## PROBLEM
The answer must reproduce the listing exactly, with every picture left out.

## INFORMATION SUPPLIED
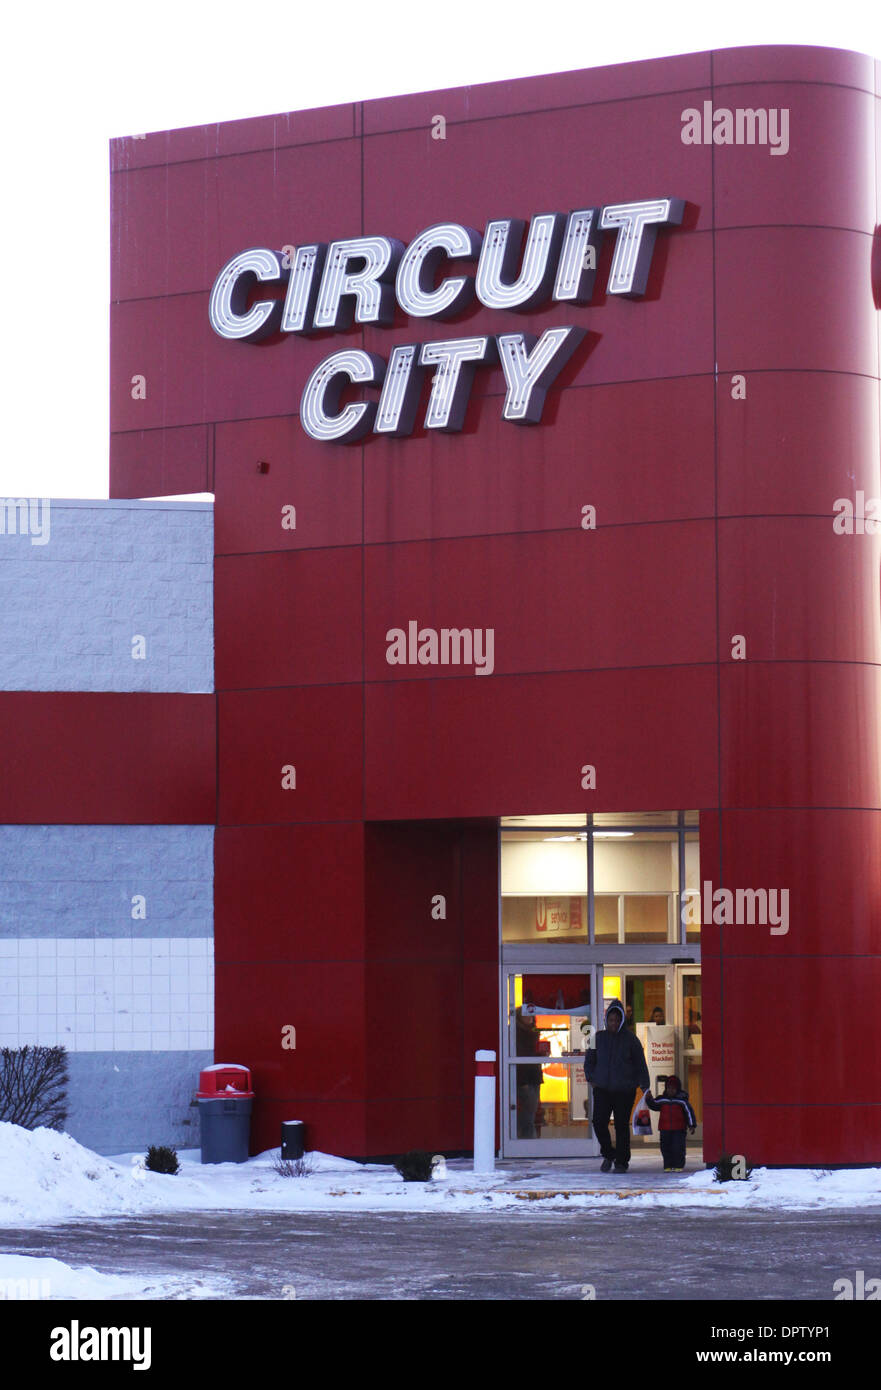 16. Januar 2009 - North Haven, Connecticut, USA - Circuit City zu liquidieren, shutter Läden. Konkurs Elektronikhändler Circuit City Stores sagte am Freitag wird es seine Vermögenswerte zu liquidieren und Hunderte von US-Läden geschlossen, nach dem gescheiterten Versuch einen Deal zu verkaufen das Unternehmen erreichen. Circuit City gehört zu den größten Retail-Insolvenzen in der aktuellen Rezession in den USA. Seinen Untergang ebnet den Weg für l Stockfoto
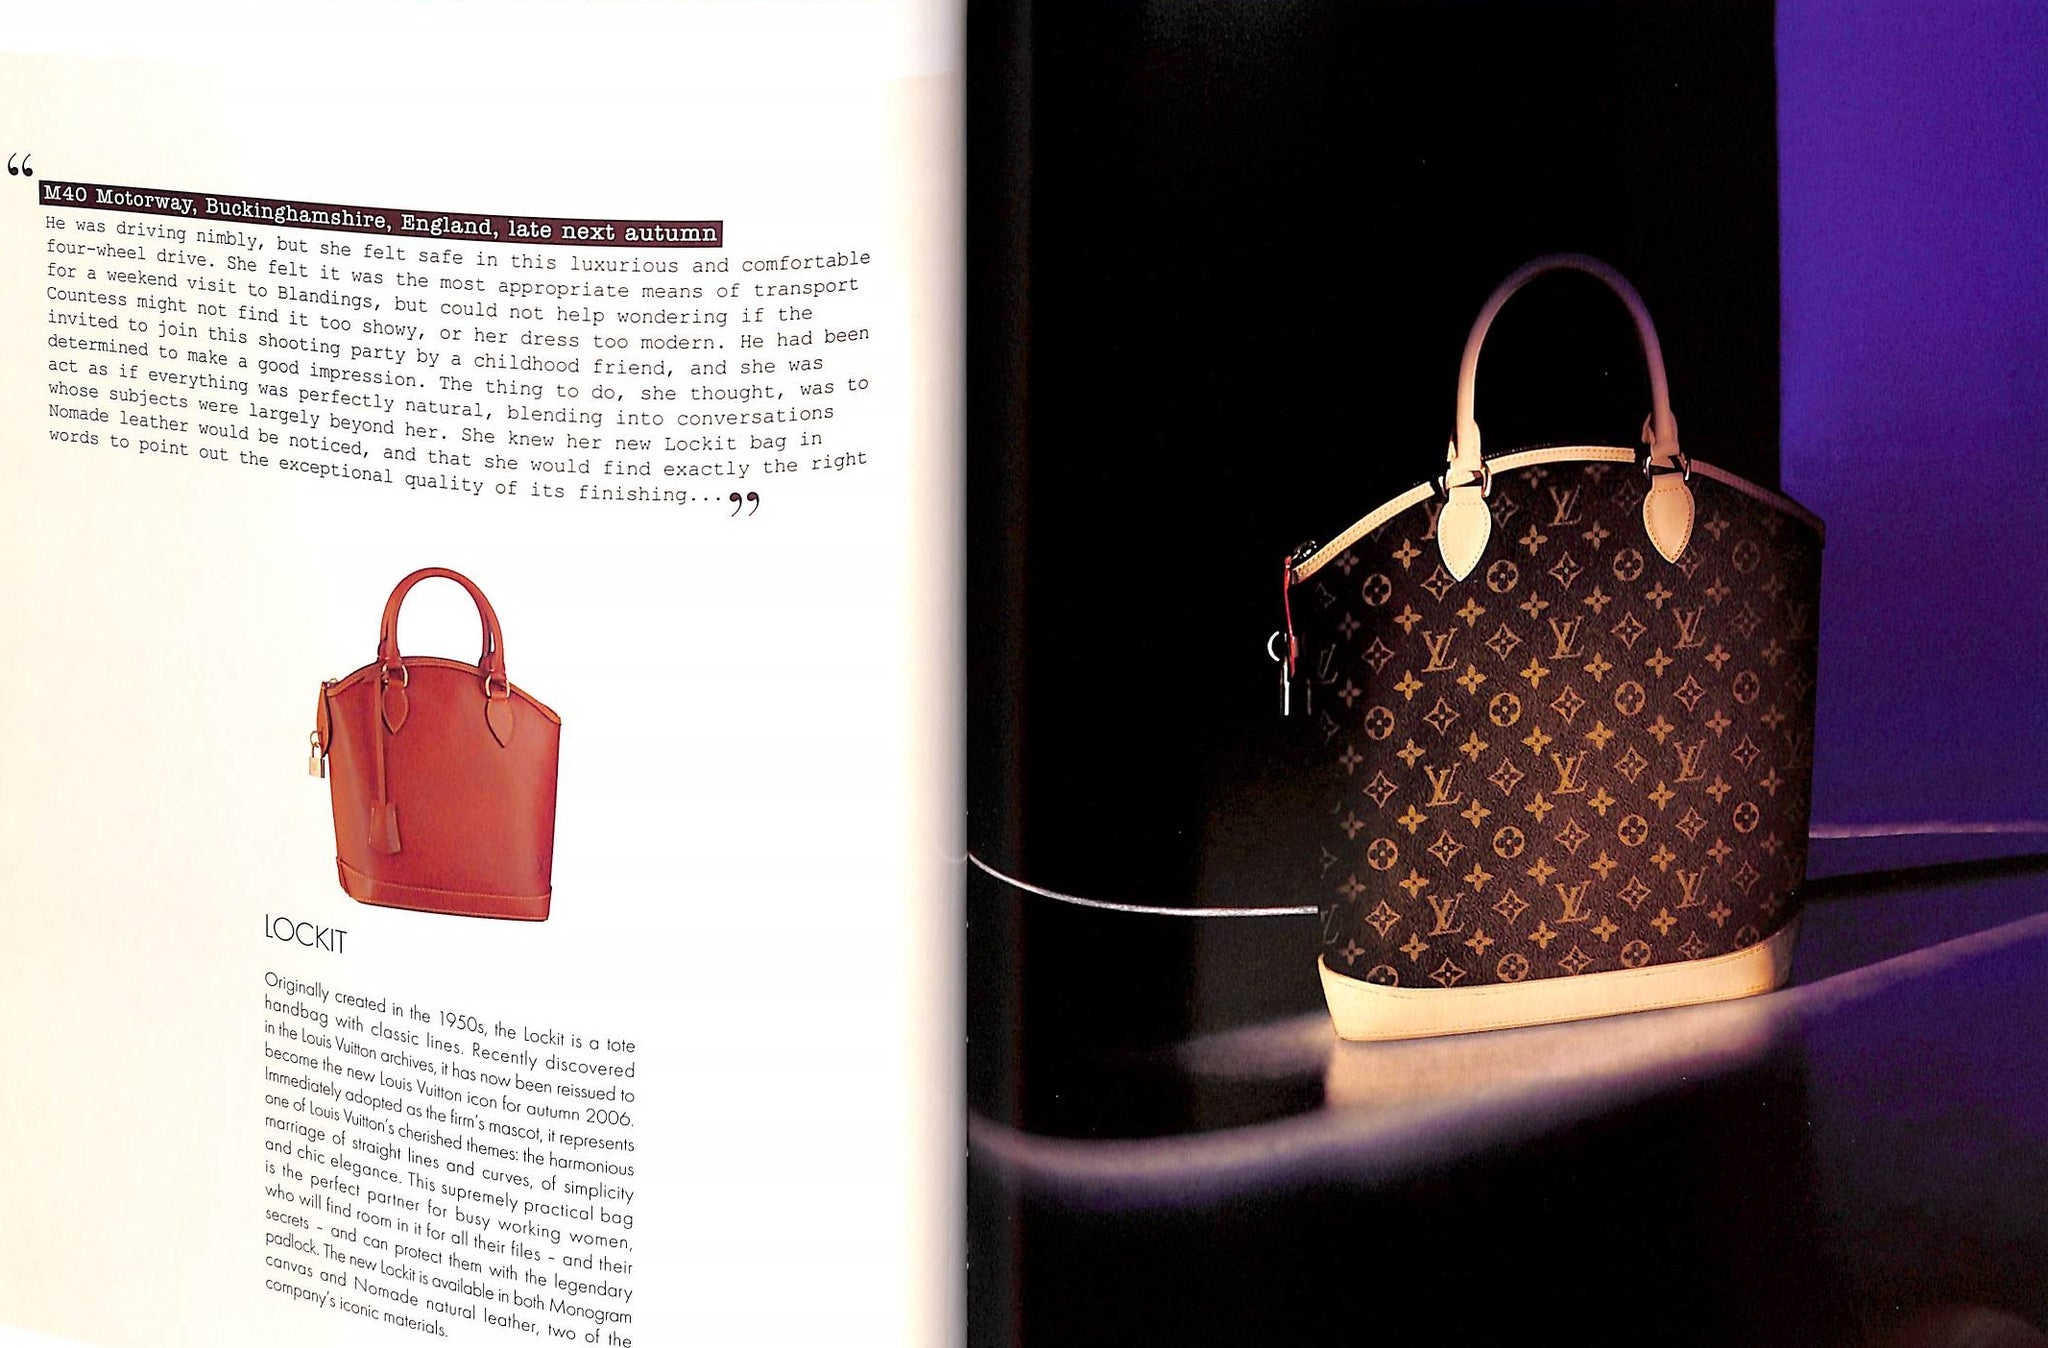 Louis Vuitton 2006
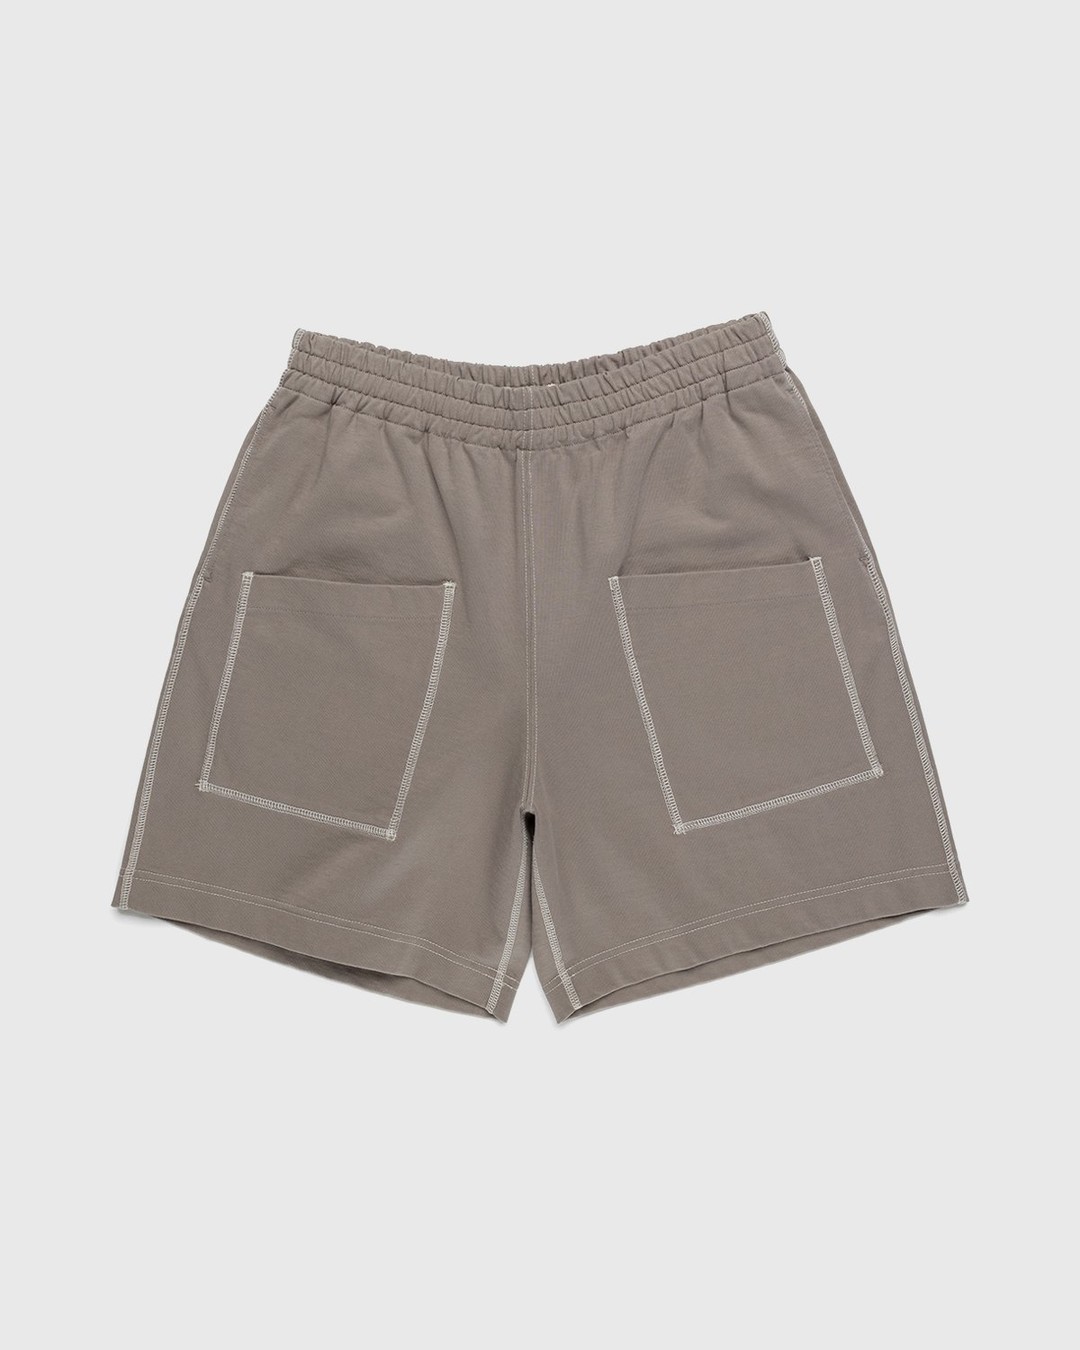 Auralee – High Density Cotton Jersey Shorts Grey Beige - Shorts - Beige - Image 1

## SOLUTION TO THIS EXERCISE
 16. Januar 2009 - North Haven, Connecticut, USA - Circuit City zu liquidieren, shutter Läden. Konkurs Elektronikhändler Circuit City Stores sagte am Freitag wird es seine Vermögenswerte zu liquidieren und Hunderte von US-Läden geschlossen, nach dem gescheiterten Versuch einen Deal zu verkaufen das Unternehmen erreichen. Circuit City gehört zu den größten Retail-Insolvenzen in der aktuellen Rezession in den USA. Seinen Untergang ebnet den Weg für l Stockfoto
 Louis Vuitton 2006
 Auralee – High Density Cotton Jersey Shorts Grey Beige - Shorts - Beige - Image 1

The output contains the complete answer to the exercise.